Dataset section ▸
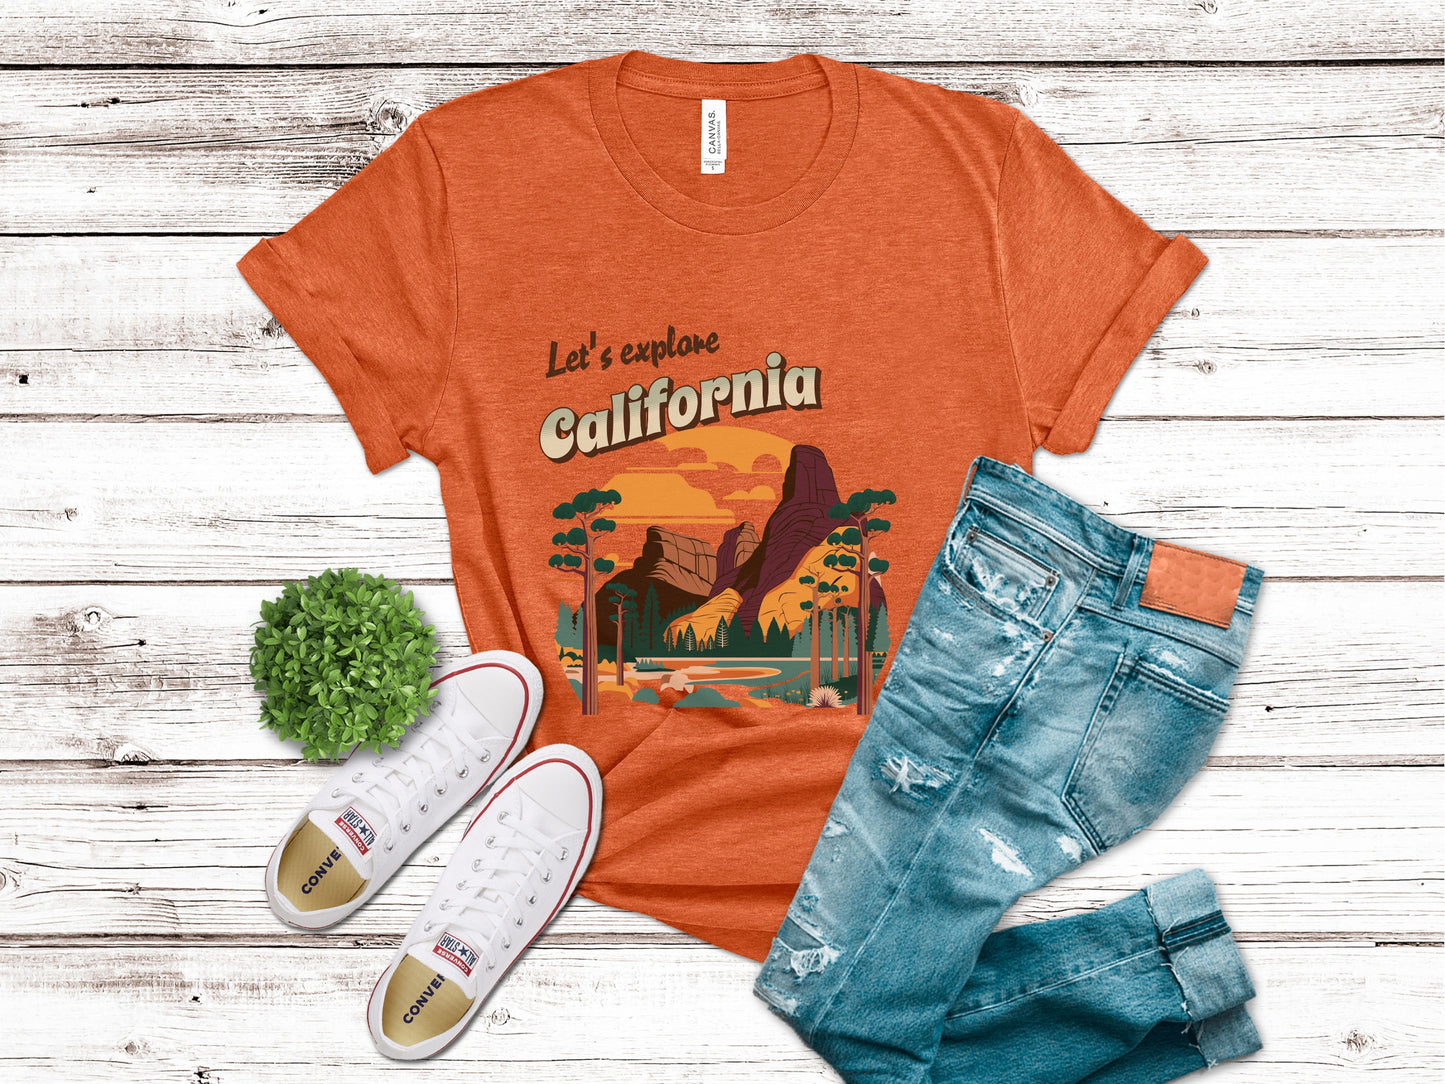 EXPLORING CALIFORNIA
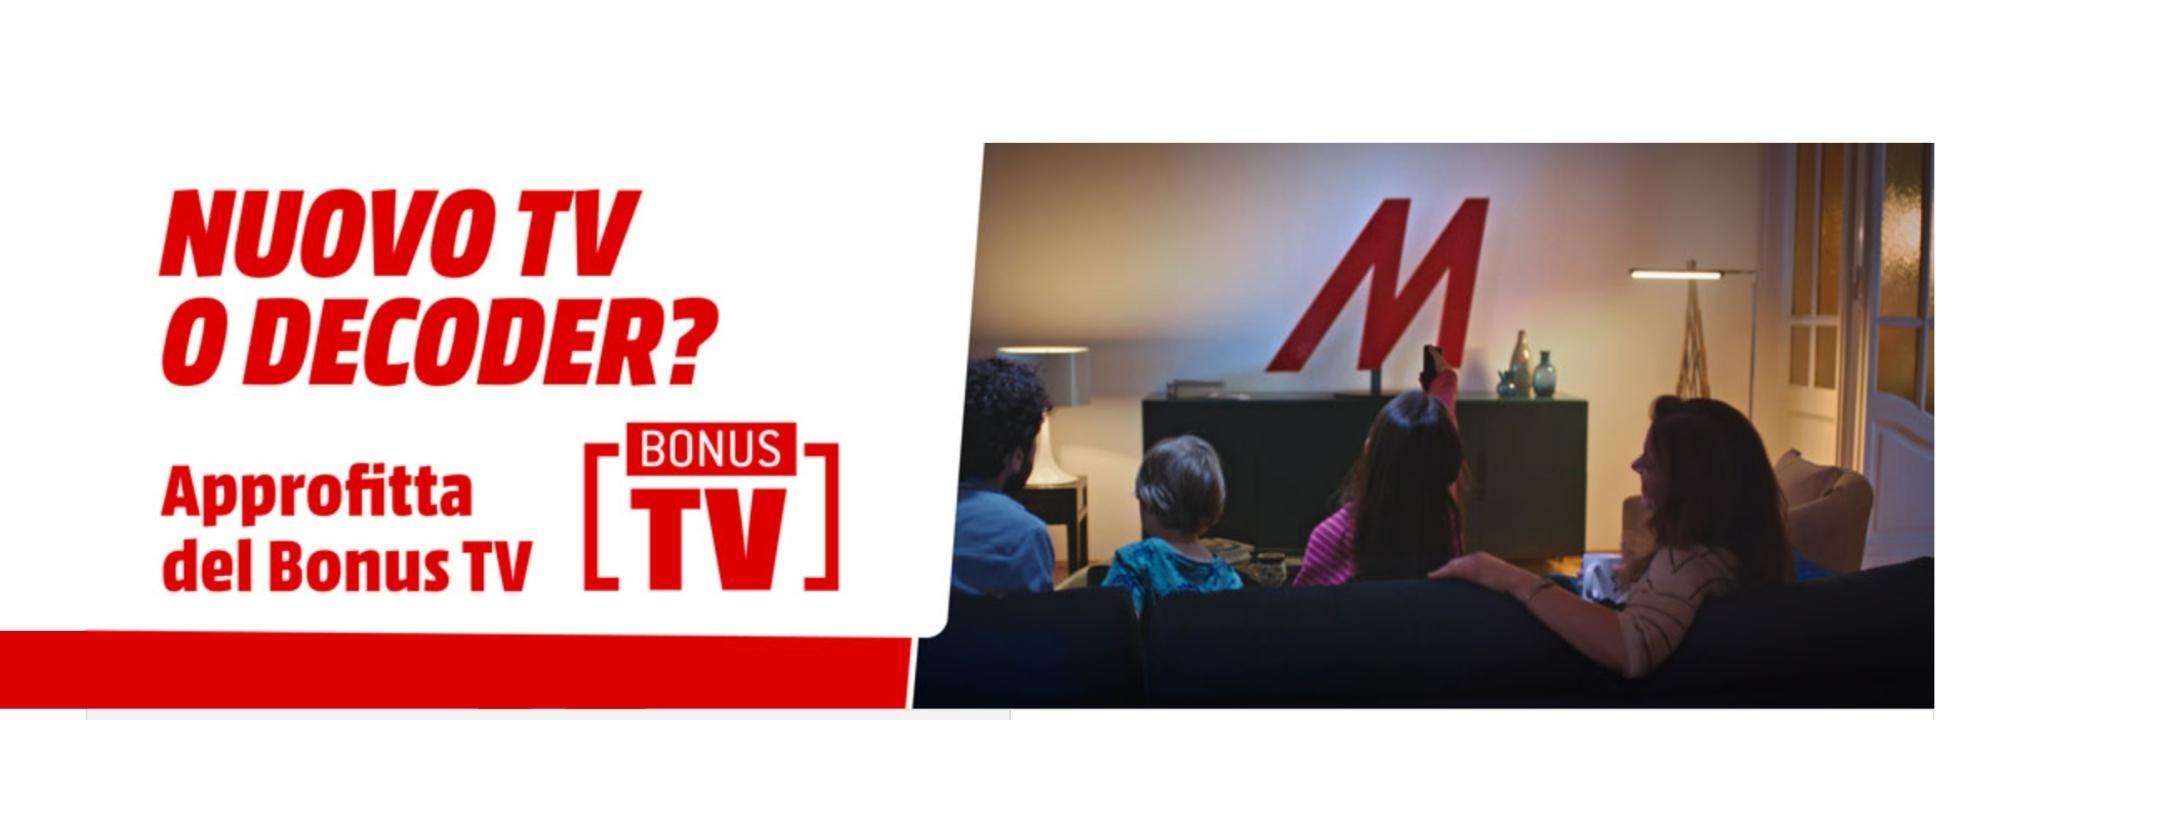 MediaWorld: acquista online e approfitta del Bonus TV
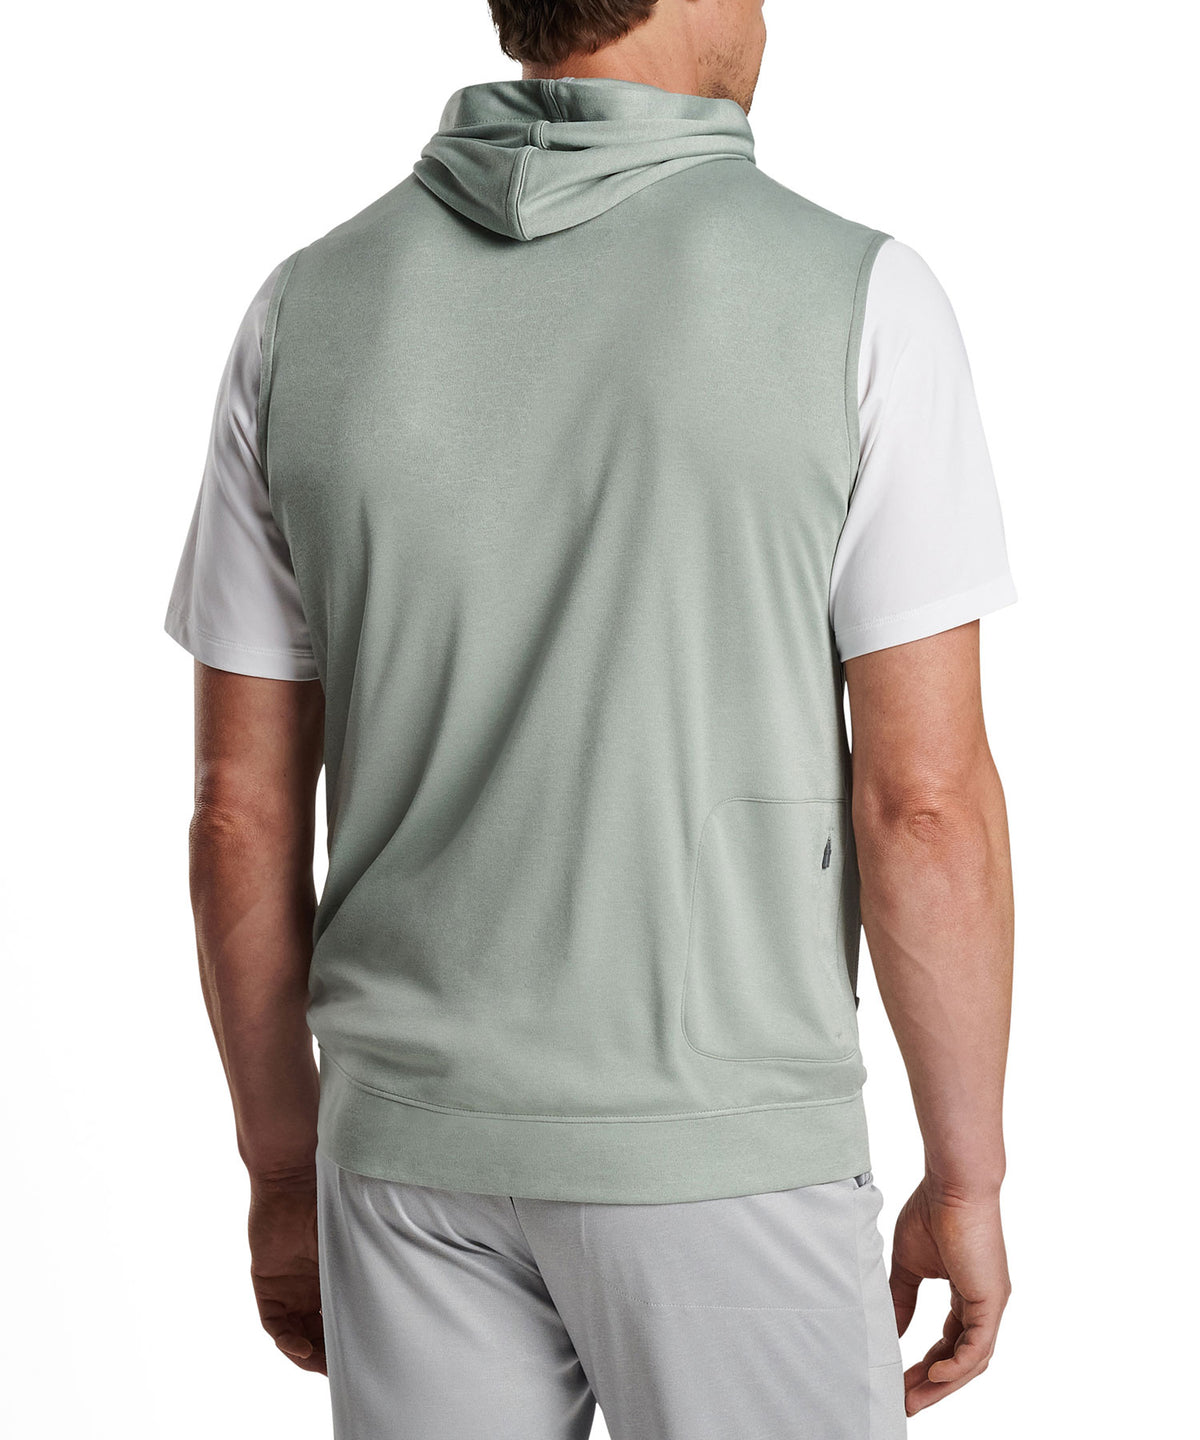 Peter Millar Cloudglow Hoodie Vest, Big & Tall

Task to carry out ▸ Send back the listing exactly as it stands. Do not include the pictures.

Completed exercise ▸
 EXPLORING CALIFORNIA
 MediaWorld: acquista online e approfitta del Bonus TV
 Peter Millar Cloudglow Hoodie Vest, Big & Tall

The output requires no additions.